Imam Menjelaskan Bahwa kliennya sudah menjalani masa penahanan tahap 1 di kepolisian hampir 4 bulan, bahkan semua ketentuan Perundang undangan tentang perpanjangan masa penahanan untuk pemeriksaan di tingkat kepolisian sudah di gunakan semua oleh Penyidik Polres Soppeng sebanyak 3 kali perpanjangan, namun Arfandy tak kunjung memiliki kejelasan Status Hukum sampai hari ini
“Persoalannya kan ada pernyataan pihak kepolisian di beberapa Media bahwa sudah memiliki bukti yang kuat tapi kemudian faktanya 2 kali terjadi P-19 oleh kejaksaan dengan 4 alasan normatif yang cukup kuat, salah satu dari empat alasan pihak kejaksaan menolak berkas dari kepolisian yang tim kami pelajari di media adalah bukti-bukti terlalu prematur…Ini kan ada apa ???
maksud saya sudahilah, dari pada malu dan berdosa lebih baik kita sadari kekhilafan dan melepaskan Tersangka demi Hukum sesuai aturan UUD. Apalagi ini bulan suci Ramadhan, momentumnya untuk saling berbuat baik dan memaafkan” Kata Imam Ahmad, S.H.

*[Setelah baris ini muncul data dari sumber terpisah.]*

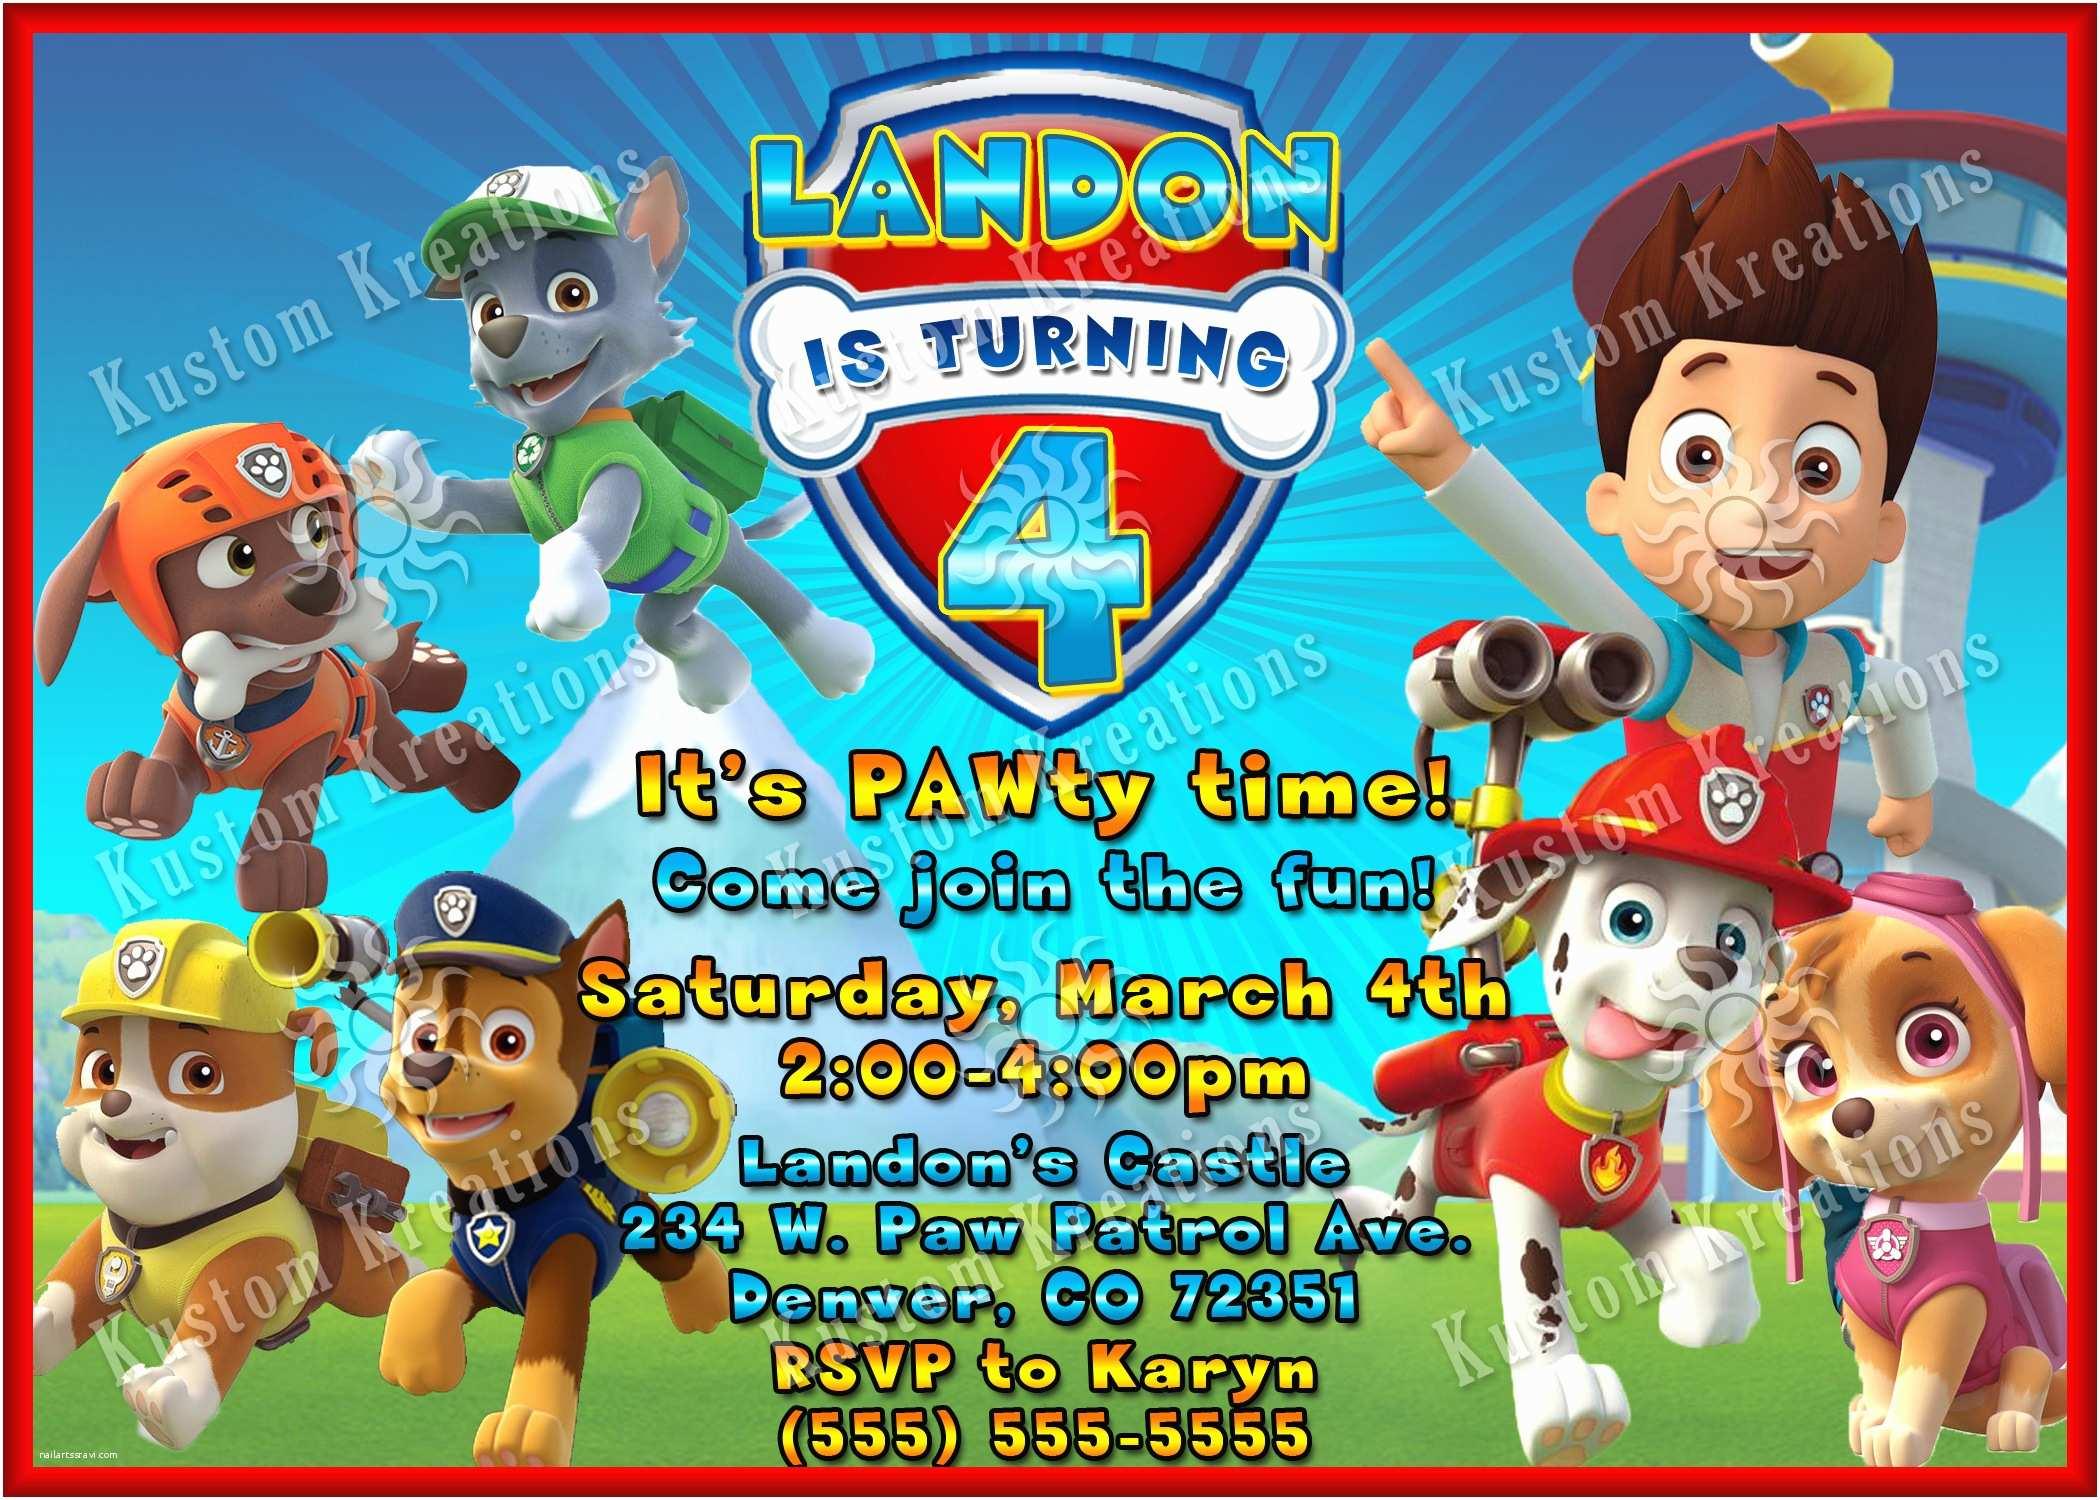 Paw Patrol Party Invitations Paw Patrol Birthday Invites Paw Patrol Birthday Invites as

“Kemudian yang terakhir, bahwa kejadian meninggalnya Almarhumah sekitar 2 tahun silam menurut dugaan kami masih ada yang tidak Terima dan sakit hati, akan tetapi problematika itu tidak bisa di paksakan, sebab ini negara Hukum, dan ada 2 orang anak kecil almarhumah itu yang harus di nafkahi dan diperhatikan tumbuh kembangnya, apalagi ini kasus sudah terlalu lama dan sudah berpindah-pindah subjek dan objek Hukum yang menangani, hanya saja yang perlu di atensi di sini bahwa tangan Hukum pertama yang menyentuh persoalan ini adalah Polsek Liliriaja sebab kejadian tersebut terjadi di wilayahnya, dan Kapolsek Liliriaja pada saat itu Bapak Iptu Asrudi, S. Sos. M.H. pada hari Minggu (11/10/20) telah melakukan release juga di beberapa media yang mengatakan bahwa’ Saat diperiksa tidak ada tanda-tanda kekerasan di tubuh korban, hanya ada bekas jeratan di leher, lidah yang tergigit dan mengeluarkan cairan dari kelaminnya. Kita ada datanya semua. tapi kenapa kita tidak mau merasional kan peristiwa itu dan menerima hal tersebut dengan mendoakan Almarhumah agar bisa tenang dan mendapatkan tempat yang terbaik.
kemudian berselang hampir 2 tahun, di tengah pertempuran Gugatan Hak Asuh Anak di pengadilan Agama klien kami Arfandy melawan mertuanya sudah memasuki tahapan sidang terakhir, lalu beliau di tetapkan sebagai Tersangka, kan tidak salah masyarakat menduga-duga dan mengira bahwa ada keterkaitan, kemudian Kasatreskrim Polres Soppeng sebelumnya yaitu Bapak Iptu NoviArif Kurniawan dalam kapasitasnya sebagai penyidik juga dengan mudahnya berbicara di beberapa Media online seakan akan membantah pernyataan Tangan hukum pertama yang melihat langsung persitiwa tersebut. Maka atas dasar kontradiktif nya pernyataan” itulah kemudian kami sebagai tim Kuasa Hukum Arfandy melaporkan Kasat Reskrim Polres Soppeng sebelumnya Bapak Iptu NoviArif Kurniawan beserta penyidik khusus yang menangani kasus ini ke Kasi. Propam Polres Soppeng, Bid. Propam Polda Sulsel dan Div. Propam Mabes Polri serta Komisi Kepolisian Nasional RI” Pungkas Imam.